-- Problem requirements --
After locating the line with "Serre-joint Maxipress modèle", repeat it and every following line to the end of the listing, exactly. Omit the pictures.

-- Available data --
⟨
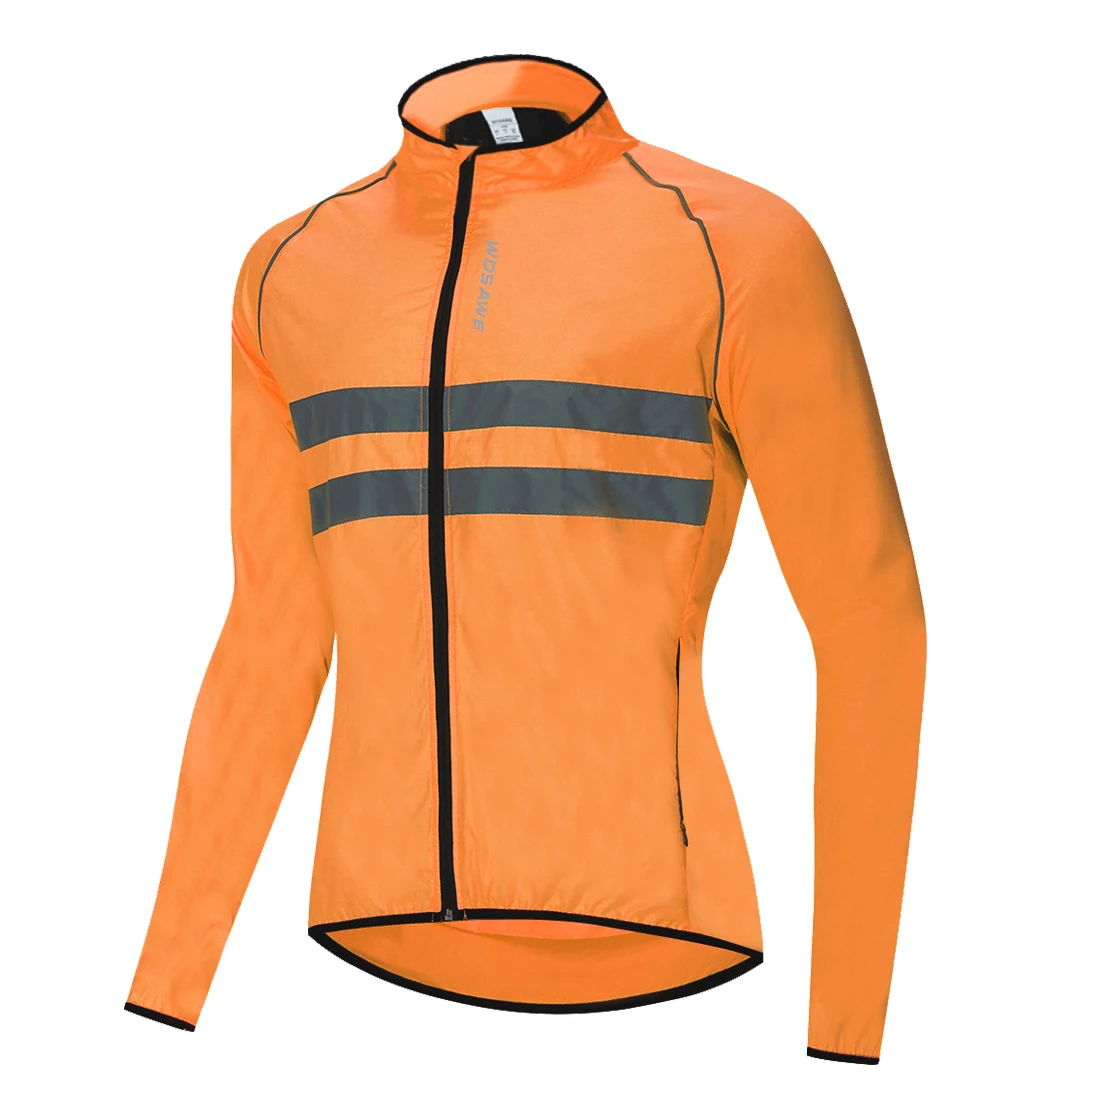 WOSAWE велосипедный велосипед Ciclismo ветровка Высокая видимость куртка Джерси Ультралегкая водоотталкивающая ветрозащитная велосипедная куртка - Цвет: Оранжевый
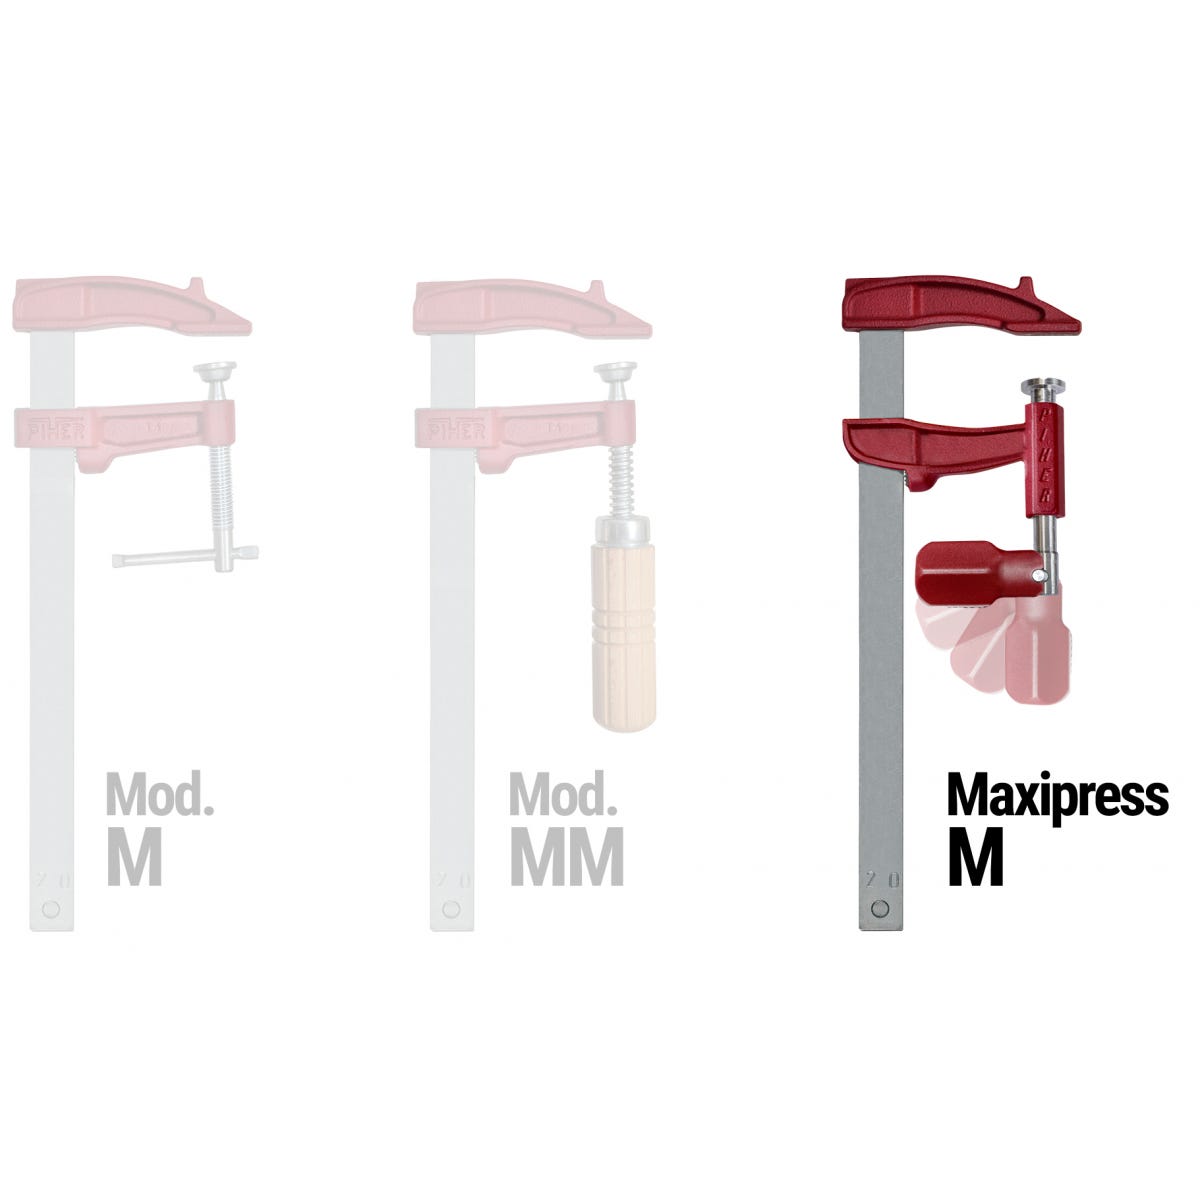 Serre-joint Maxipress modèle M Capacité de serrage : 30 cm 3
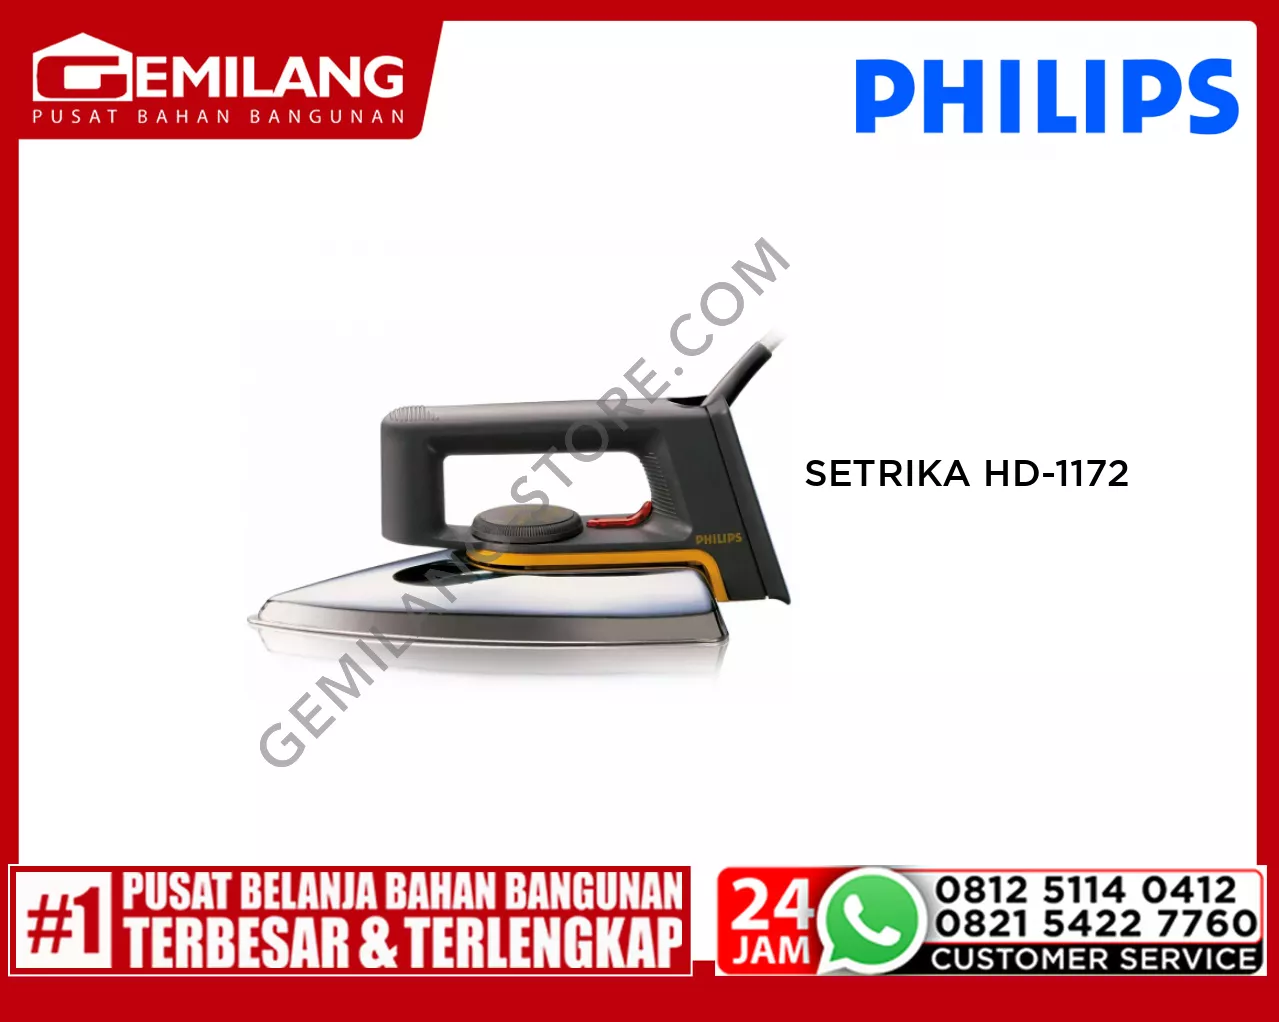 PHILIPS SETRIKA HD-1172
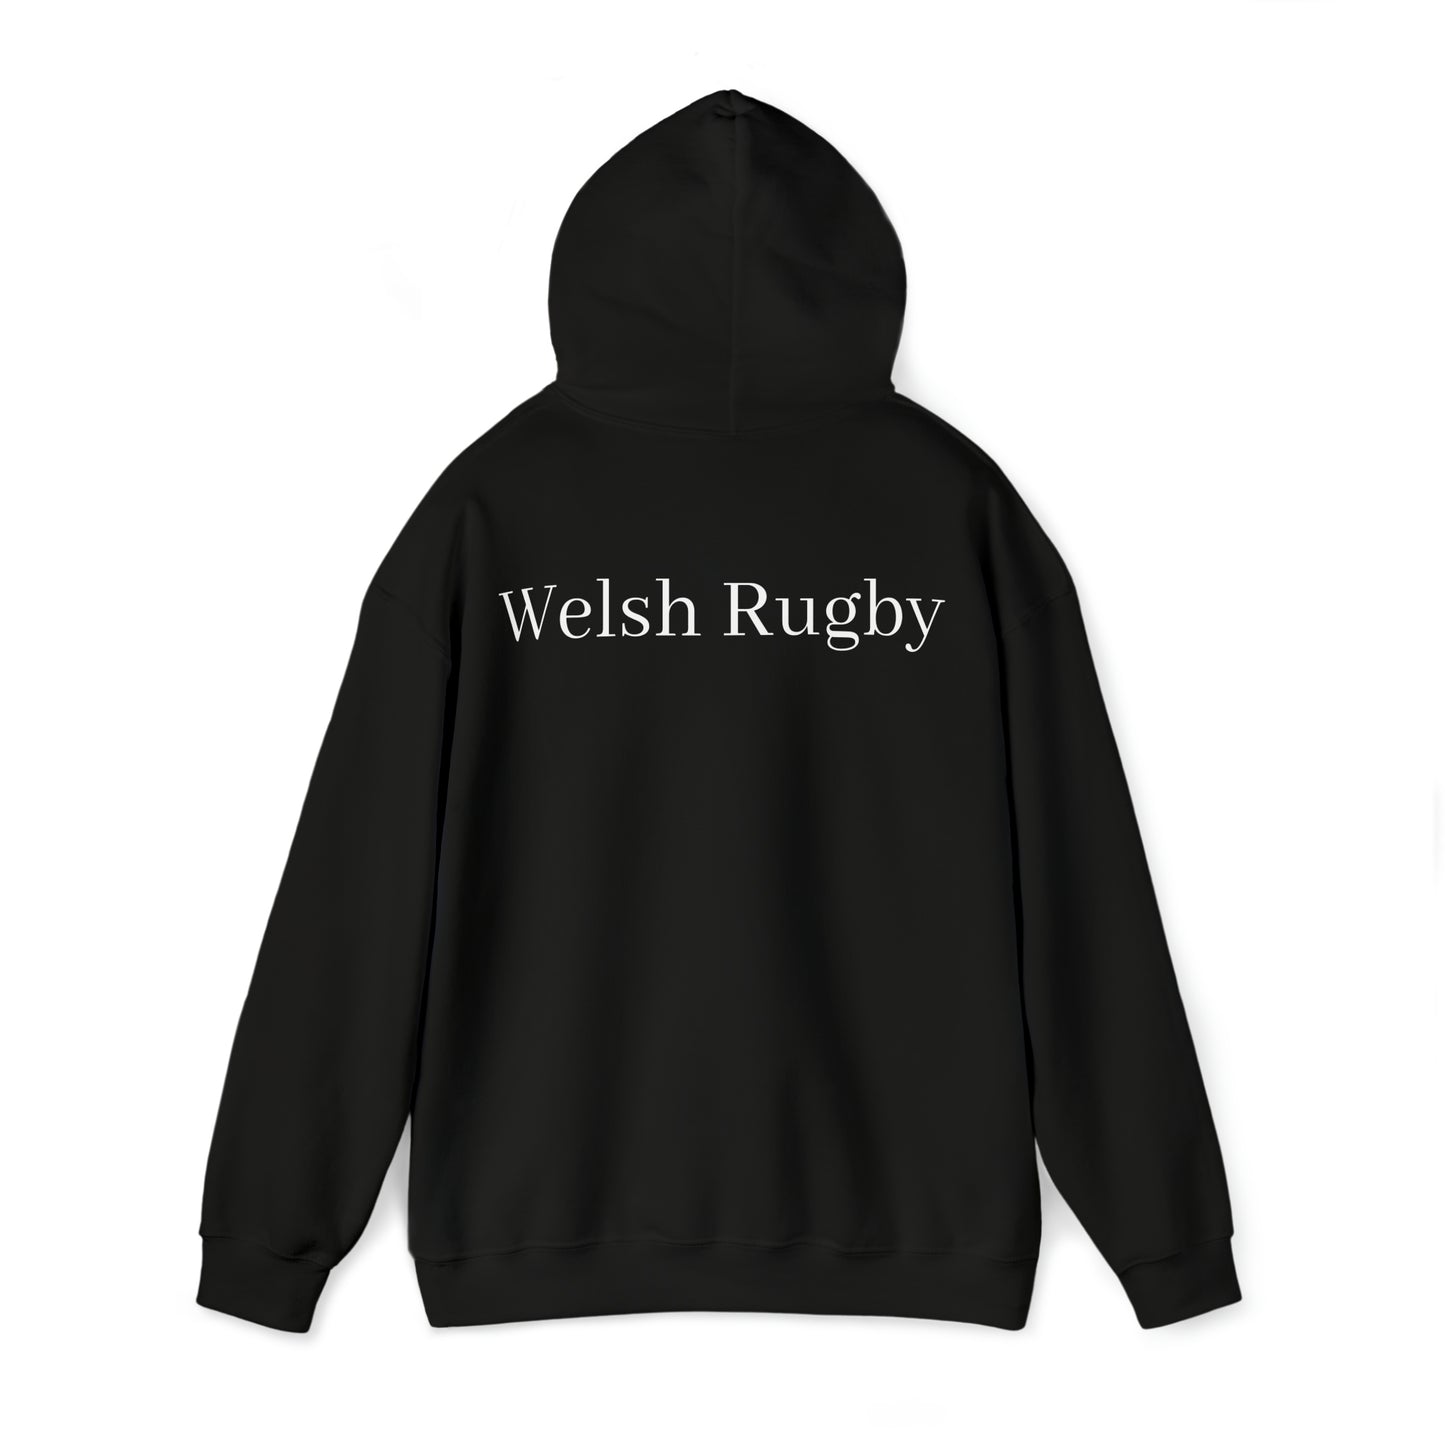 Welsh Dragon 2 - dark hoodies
⟩
-- Task result --
 Serre-joint Maxipress modèle M Capacité de serrage : 30 cm 3
 PHILIPS SETRIKA HD-1172
 Welsh Dragon 2 - dark hoodies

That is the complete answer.